Segment Start: Dataset content
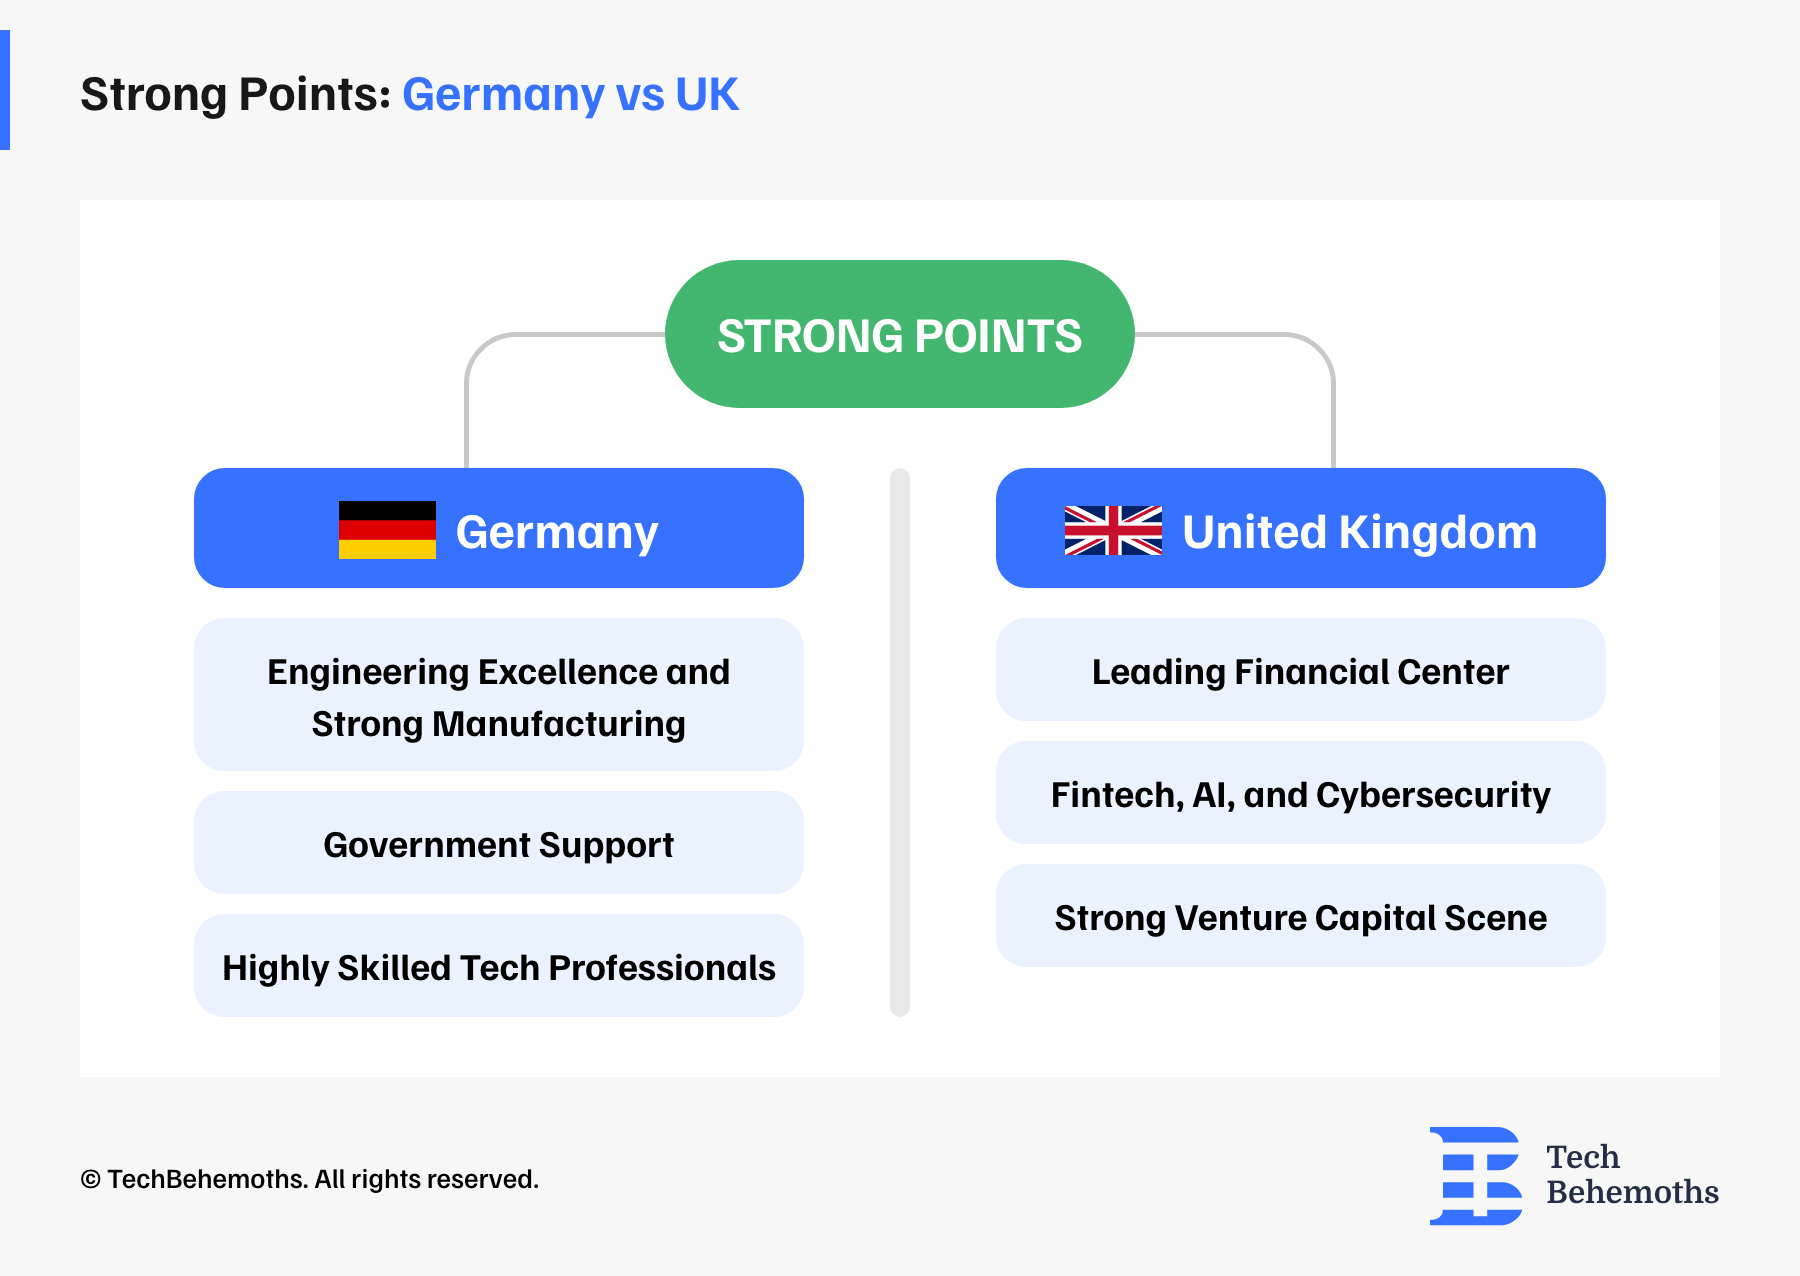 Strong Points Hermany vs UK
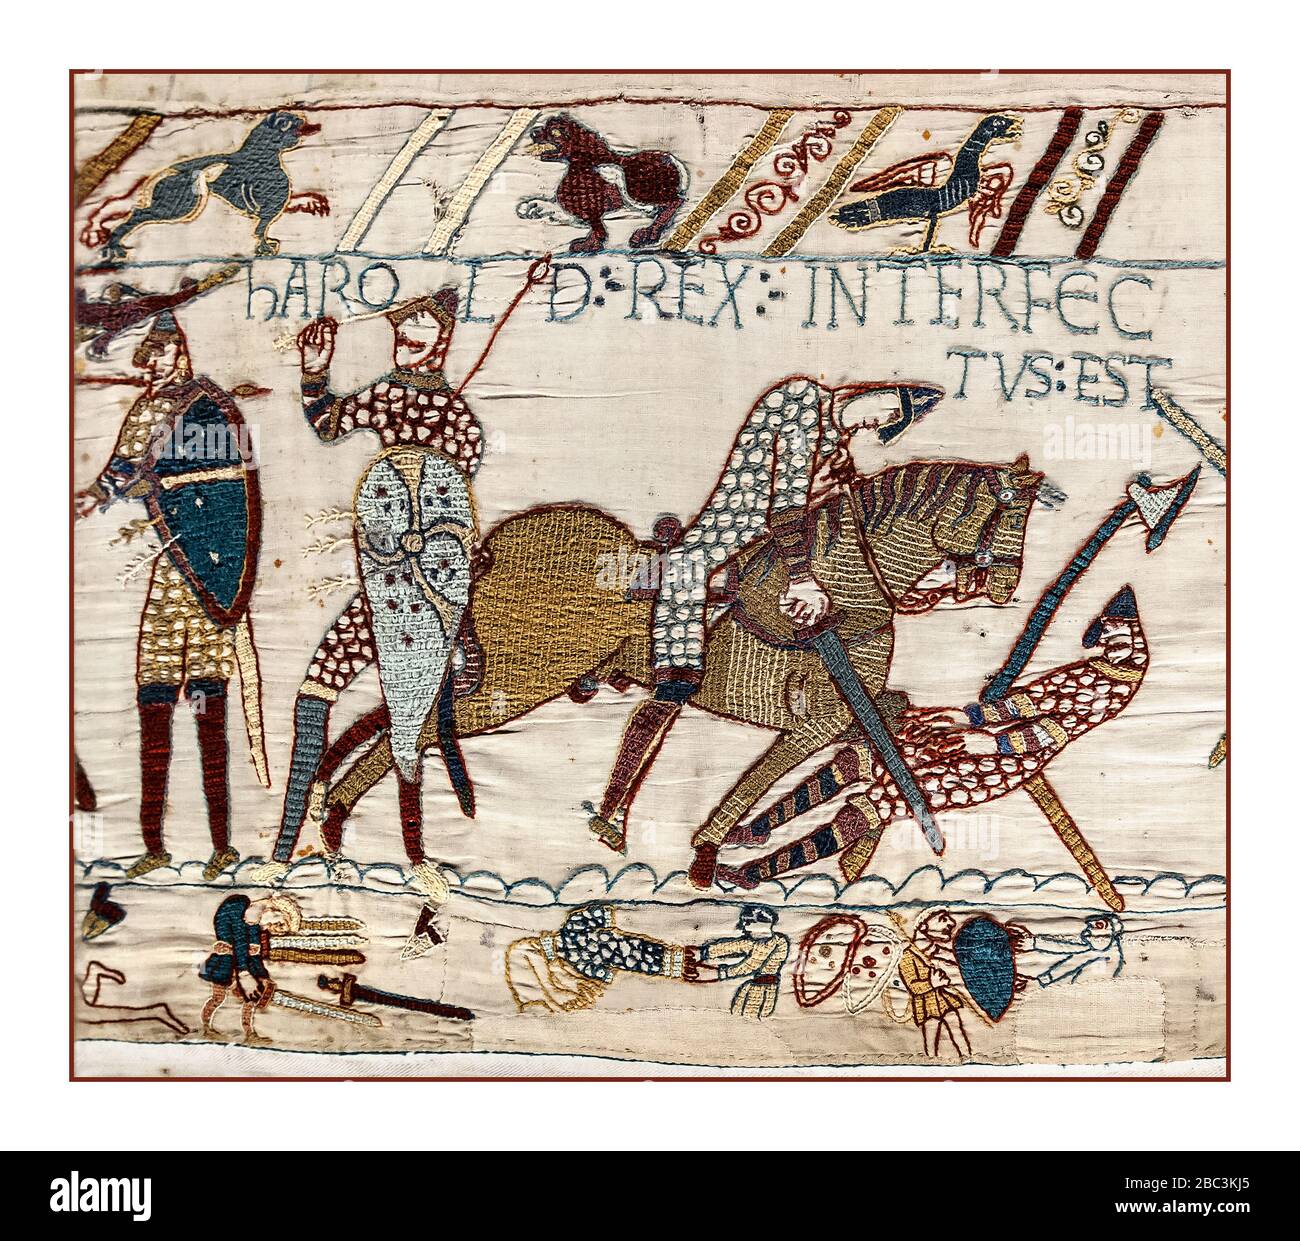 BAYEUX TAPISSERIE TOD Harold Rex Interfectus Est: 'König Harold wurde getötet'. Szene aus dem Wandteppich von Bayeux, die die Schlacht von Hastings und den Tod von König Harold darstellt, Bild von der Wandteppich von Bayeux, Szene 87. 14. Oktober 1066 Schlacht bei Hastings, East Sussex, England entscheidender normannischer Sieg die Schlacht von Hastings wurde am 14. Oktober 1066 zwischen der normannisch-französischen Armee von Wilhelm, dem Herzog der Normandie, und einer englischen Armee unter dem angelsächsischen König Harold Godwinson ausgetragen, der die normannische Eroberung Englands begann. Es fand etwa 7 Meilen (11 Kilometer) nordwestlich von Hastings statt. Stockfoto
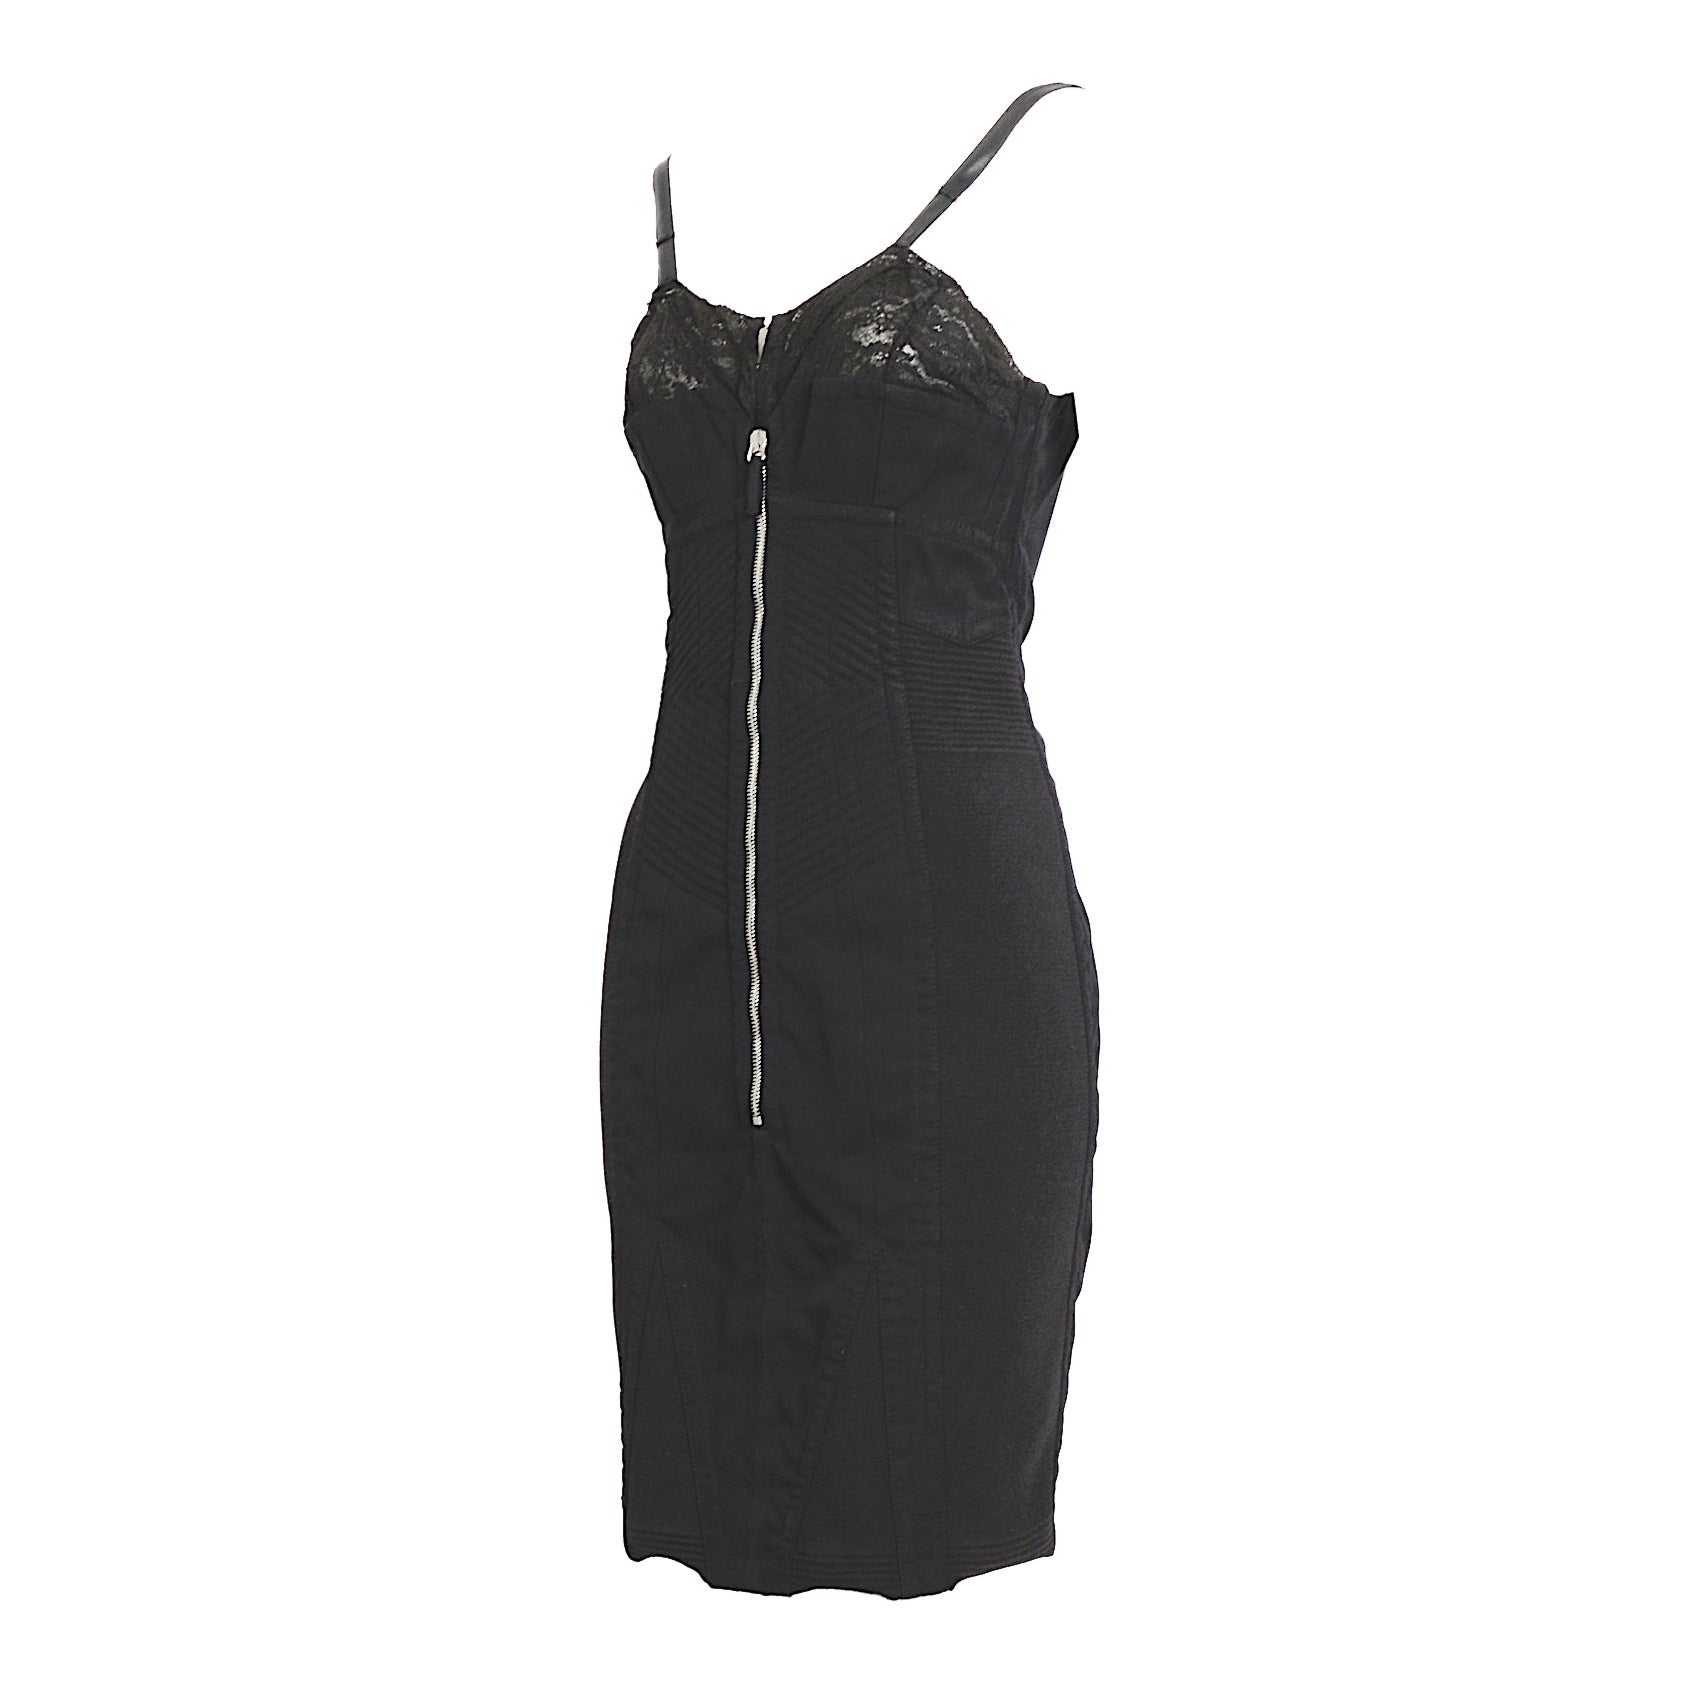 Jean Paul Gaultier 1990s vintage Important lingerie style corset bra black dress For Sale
Segment End: Dataset content
* _What is expected_
Return the whole of the material above exactly, with no picture carried over.

* _Answer box_
 Strong Points Hermany vs UK
 BAYEUX TAPISSERIE TOD Harold Rex Interfectus Est: 'König Harold wurde getötet'. Szene aus dem Wandteppich von Bayeux, die die Schlacht von Hastings und den Tod von König Harold darstellt, Bild von der Wandteppich von Bayeux, Szene 87. 14. Oktober 1066 Schlacht bei Hastings, East Sussex, England entscheidender normannischer Sieg die Schlacht von Hastings wurde am 14. Oktober 1066 zwischen der normannisch-französischen Armee von Wilhelm, dem Herzog der Normandie, und einer englischen Armee unter dem angelsächsischen König Harold Godwinson ausgetragen, der die normannische Eroberung Englands begann. Es fand etwa 7 Meilen (11 Kilometer) nordwestlich von Hastings statt. Stockfoto
 Jean Paul Gaultier 1990s vintage Important lingerie style corset bra black dress For Sale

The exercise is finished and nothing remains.